Question: I’ve read that Autism Spectrum Disorder and Sensory Processing Disorder are two distinct conditions. With that said, why do my child’s therapists and teachers keep talking about his sensory processing problems when he is diagnosed as having Autism?
Answer: With at least three quarters of children with Autism Spectrum Disorder (ASD) showing signs of Sensory Processing Disorder, (SPD) your child is not alone! Interestingly, the reverse is not so – most children with SPD do not have ASD, according to research conducted or compiled by the STAR Institute (SPDStar.org).

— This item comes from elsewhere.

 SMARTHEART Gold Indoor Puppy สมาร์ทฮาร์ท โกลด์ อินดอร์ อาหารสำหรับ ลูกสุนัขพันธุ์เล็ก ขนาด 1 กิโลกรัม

While diagnosis is important, one of the essential matters here is the processing of sensation, the basis for our understanding of ourselves and our world, and for our everyday interactions with the people, objects and surroundings of our lives. The bottom line – while there are many factors that could contribute to behavior that is well suited to life’s occurrences, the more accurately and efficiently we’re able to pick up on, and understand sensory information relevant to our daily lives, the better equipped we are to respond. Unreliable and/or insufficient sensory processing is often a foundation of inappropriate or less-than-desirable behavior. It can contribute to limited tolerance for everyday situations, outbursts & tantrums, repetitive actions, inflexibility or rigidity related to environmental characteristics, an inability to fit in or “sync up” with others and/or the pace of daily events, difficulty figuring out how to do things, difficulty acquiring and applying skills, and so much more. Disordered sensory processing also can affect sleep/rest, nutritious eating and movement, the mainstays of our wellbeing.
Since both Autism and Sensory Processing Disorder both involve differences in patterns of responsiveness to sensation, when it comes to planning how we can help with change it seems easiest and most logical to think sensory. Over responsiveness to sensory input, such as certain sounds and touch, as well as light, movement (including dynamically moving surroundings such as a crowded place or a playground) is very common. People with over responsiveness are extra sensitive to, cannot filter, and are often uncomfortable with or frightened by stimulation that neurotypical people may not even notice. Their heightened sensitivity is apt to interfere with their ability to engage and discriminate because they move into a state of heightened arousal often associated with “fight, flight, fright or freeze”. On the other hand, those who are under responsive generally need a good deal of stimulation, beyond what is provided in so-called typical daily life, in order to be alert, discriminative and active. Under responsiveness is also prevalent. Often people who are under responsive seek the sensation they need; craving and seeking of movement, deep pressure, and sensations gained through intense physical effort are most common. Many people with sensory processing differences present both under responsiveness and over responsiveness; day-to-day variability is also frequently noted. While standardized testing (such as the Sensory Integration and Praxis Tests administered by certified professionals) is helpful in diagnosing and understanding sensory issues, observation and careful consideration of a child’s behavior in home, school/daycare and community settings by an OT trained in sensory integration assessment and methodology often proves to be most useful, particularly in cases of more severe sensitivity, behavioral challenges and inattentiveness or age. Assessing and treating disordered sensory processing involves both the individual and the environment.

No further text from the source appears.